Did you make it Dominik?


----------



## DominikPierog (Jul 5, 2010)

I have found on the internet. I was wondering how it is so thoroughly Glued.
However, it is a simple plywood, finished on the CNC.
bubble plywood








The Bubble Cabinet & Apple Cabinet | Straight Line Designs Inc.


----------



## JOAT (Apr 9, 2010)

Certainly different at any rate. Not sure If I like it, or hate it.

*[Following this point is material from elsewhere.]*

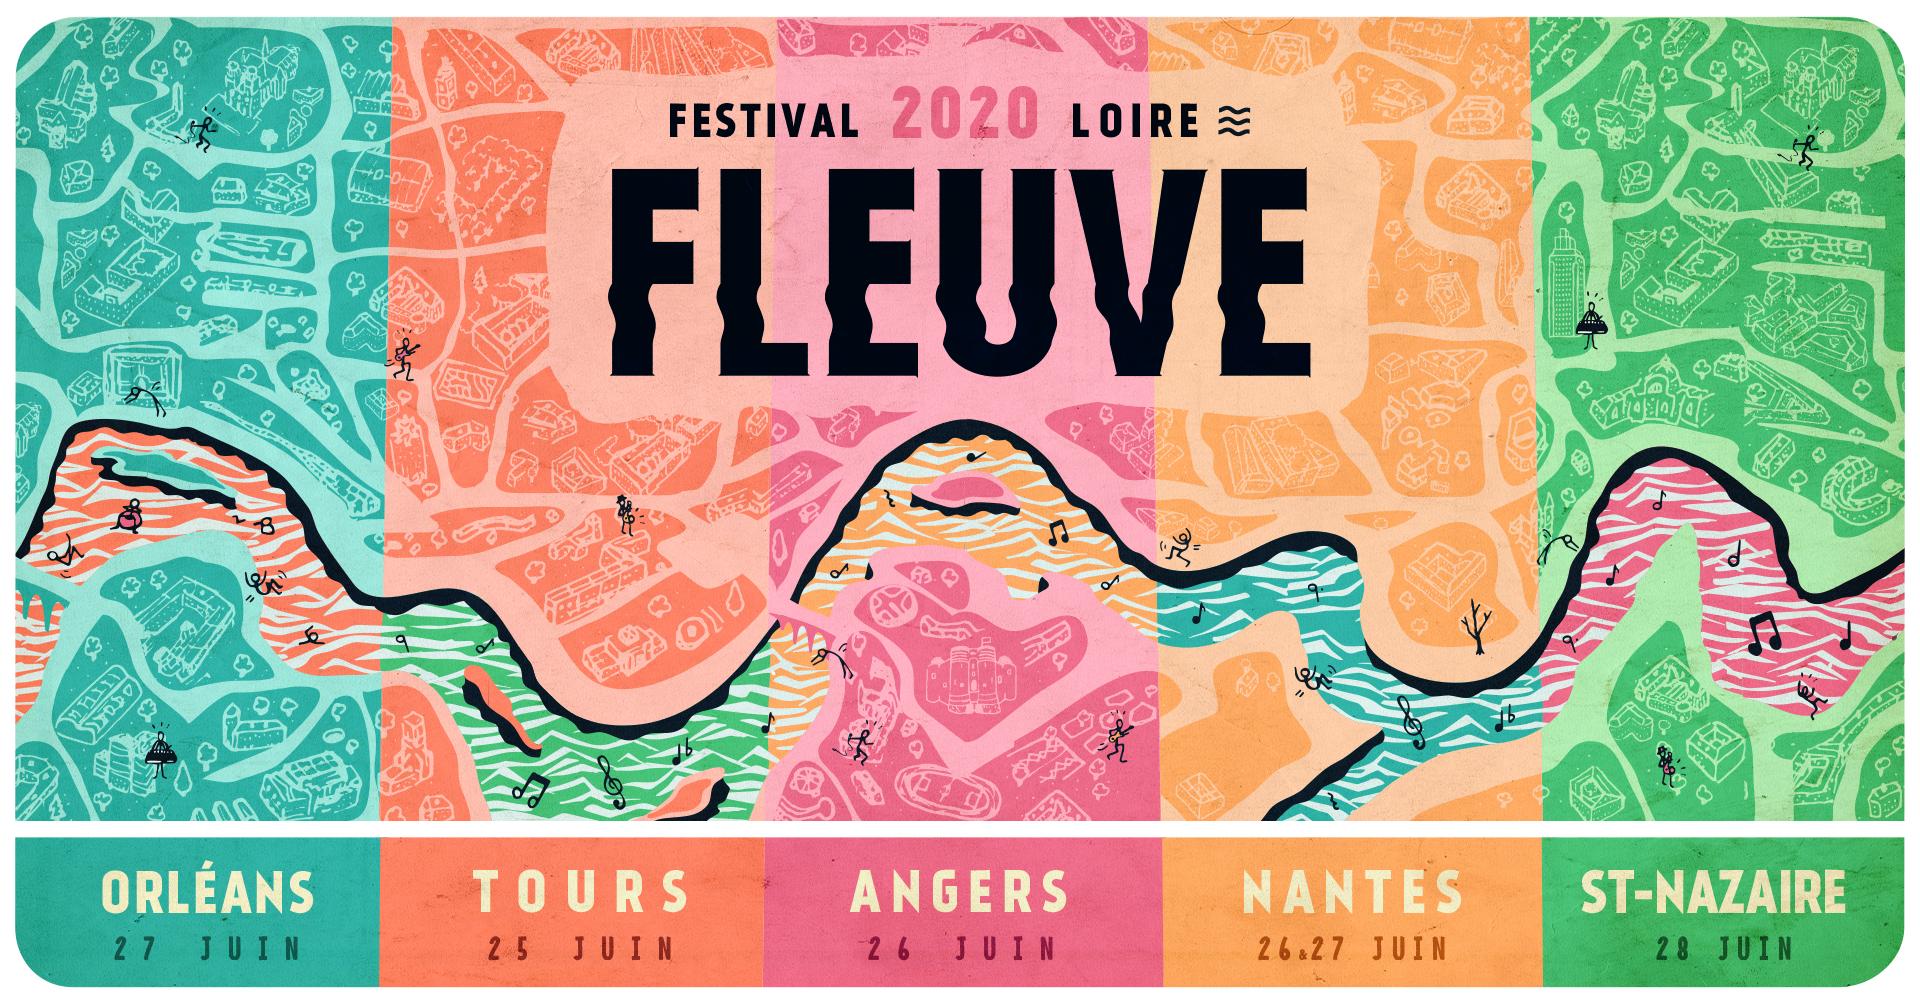 FLEUVE Festival / NANTES \
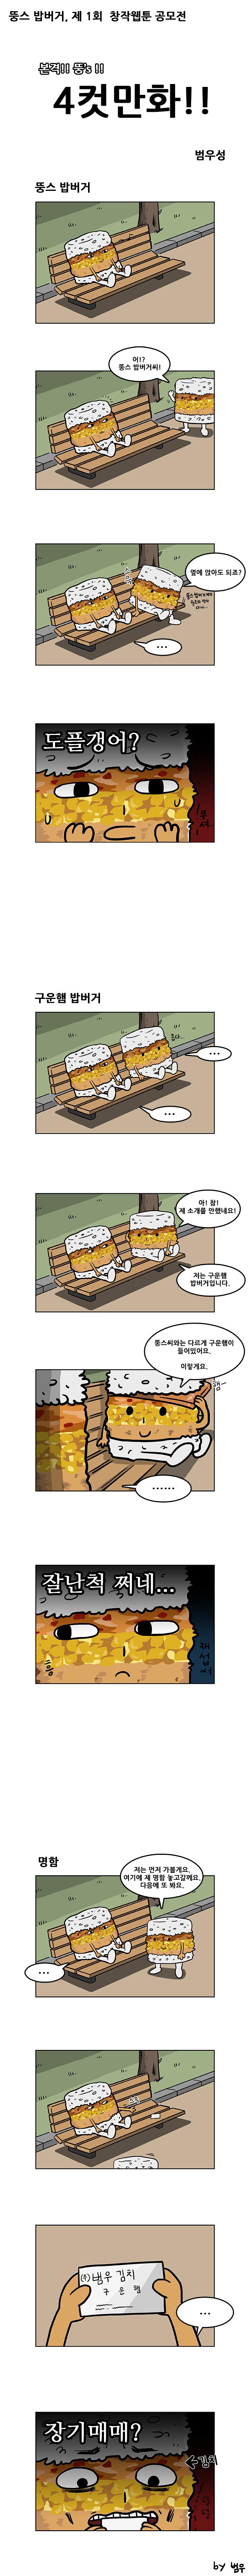 뚱스밥버거 공모전_범우성.jpg

Interesting at any rate.


----------



## neville9999 (Jul 22, 2010)

Dominik I think that the circles are made by going deeper into the plywood and that means that the circles are little mountains cut into the plywood, this is not a flat surface but it goes up and down into the ply and back up again and it is going into the ply layer below the top layer and then into the layer under that one so the little hills would be at least 5mm higher than the little valleys, the proof is that when you look at the side edges of the cabinet then those edges are wavy, that wavy look is created by the cutter doing what I said, it goes up and down into the ply and cuts into the deeper ply layers, I also think that the ply that was used was made from thinner thicknesses of ply laminations, if they used ply made from thicker lamination's then the circles would be larger in diameter, so to get these tight circles then the ply lamination's were thinner, I wonder how long the CNC Router took to make that pattern as that time would have changed the value of the ply quite a lot, I am sure that there are persons who will buy that cabinets and they may pay a lot for it, there are some very expensive veneers that when they are layed onto a substrate then that sheet becomes very valuable indeed, I wonder how those sheets compare to a sheet that has been sculptured the way this one has been. It is an art cabinet and made to sit in the corner looking interesting and like Theo I don't know if I like it or I hate it but that is what art is about, controversy. NGM


----------



## Knothead47 (Feb 10, 2010)

> Dominik I think that the circles are made by going deeper into the plywood and that means that the circles are little mountains cut into the plywood


If you look at the right edge of the cabinet, you will notice that the corner is wavy, not straight. The edge is more noticeable near the bottom.
It's different!


----------



## DominikPierog (Jul 5, 2010)

Knothead47 said:


> If you look at the right edge of the cabinet, you will notice that the corner is wavy, not straight. The edge is more noticeable near the bottom.
> It's different!


Its bubble plywood > The Bubble Cabinet & Apple Cabinet | Straight Line Designs Inc.


----------